ShatnersWigIsActuallyAMammoth ·
23/04/2019 15:11
Saturday night, forthcoming bride and groom had a drinks at a pub for those who couldn't make stag or hen (although those who had been on those other events still went).
Discovered yesterday that very good friend of mine drove home. I don't know how much he had had to drink as I was only there two hours but many pints and some shots.
He knows he shouldn't have done it. I'm amazed he wasn't stopped as he had to drive through town (total journey 3 miles) and with it being bank holiday weekend and about 1.30 am there would have been plenty of police around.
Apparently this is "only" the second time he has done it, last time being about 20 years ago. He is well aware he shouldn't have done it, is rather mortified it happened at all but when he told me I called him a cunt (a word I have never uttered before) for endangering not just his own life but other people's.
He and his wife regularly get pissed - usually drive in, leave one car overnight in their work secure car park and then taxi home and then come and pick car up the next day.
I've been concerned for some time about the amount they drink but especially him. He has health issues, has put on a lot of weight and his mother in law (alcoholic) died aged 60 last year.
I said that the obvious answer is to always walk in or taxi in, then there is no danger of it being repeated. Or better still, drink a damn sight less. I rarely drink more than one glass of wine but if I do, I use the bus. Apparently reducing his intake is not an option.
I've been socialising less with them lately as their life revolves too much about going out for drinks rather than doing stuff. I've mentioned to another very close friend that this guy is a functioning alcoholic and that while I am happy to go out with them if we're doing things, if it is literally "pub?" I'm not going as I don't want to be enabling this behaviour. Friend seems to think it is not an issue. Another of our mutual friends (a dry alcoholic) also thinks this guy is a functioning alcoholic and is also only meeting up if we're doing things non-pub related now.
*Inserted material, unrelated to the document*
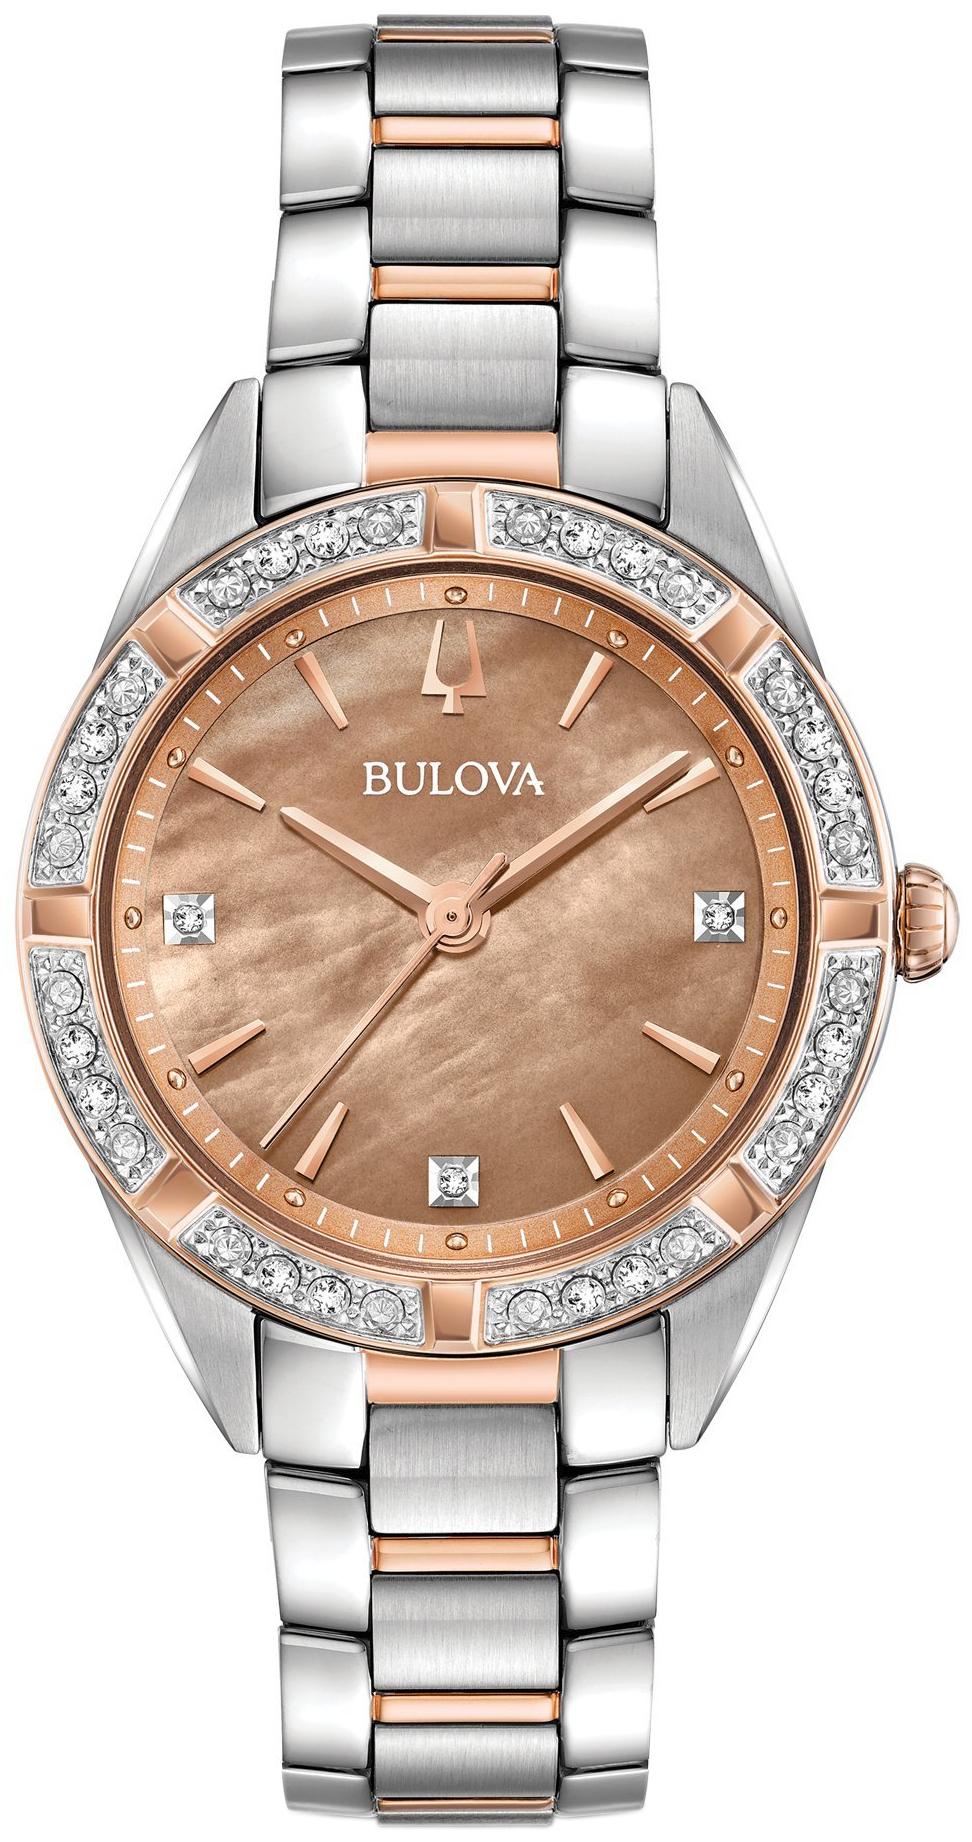 Bulova Diamond Dameklokke 98R264 Bronsefarget/Rose-gulltonet stål - Bulova

Sigh. Was I being unreasonable calling him a cunt? Am I being unreasonable in suggesting to another friend that she is enabling them by continuing to drink with them (she doesn't drink a lot herself but never used to drink at all)? If we go out to a film or go round their house to watch a film, they won't drink - but if they know someone else will go to the pub with them it's like they've been given permission to get pissed every weekend.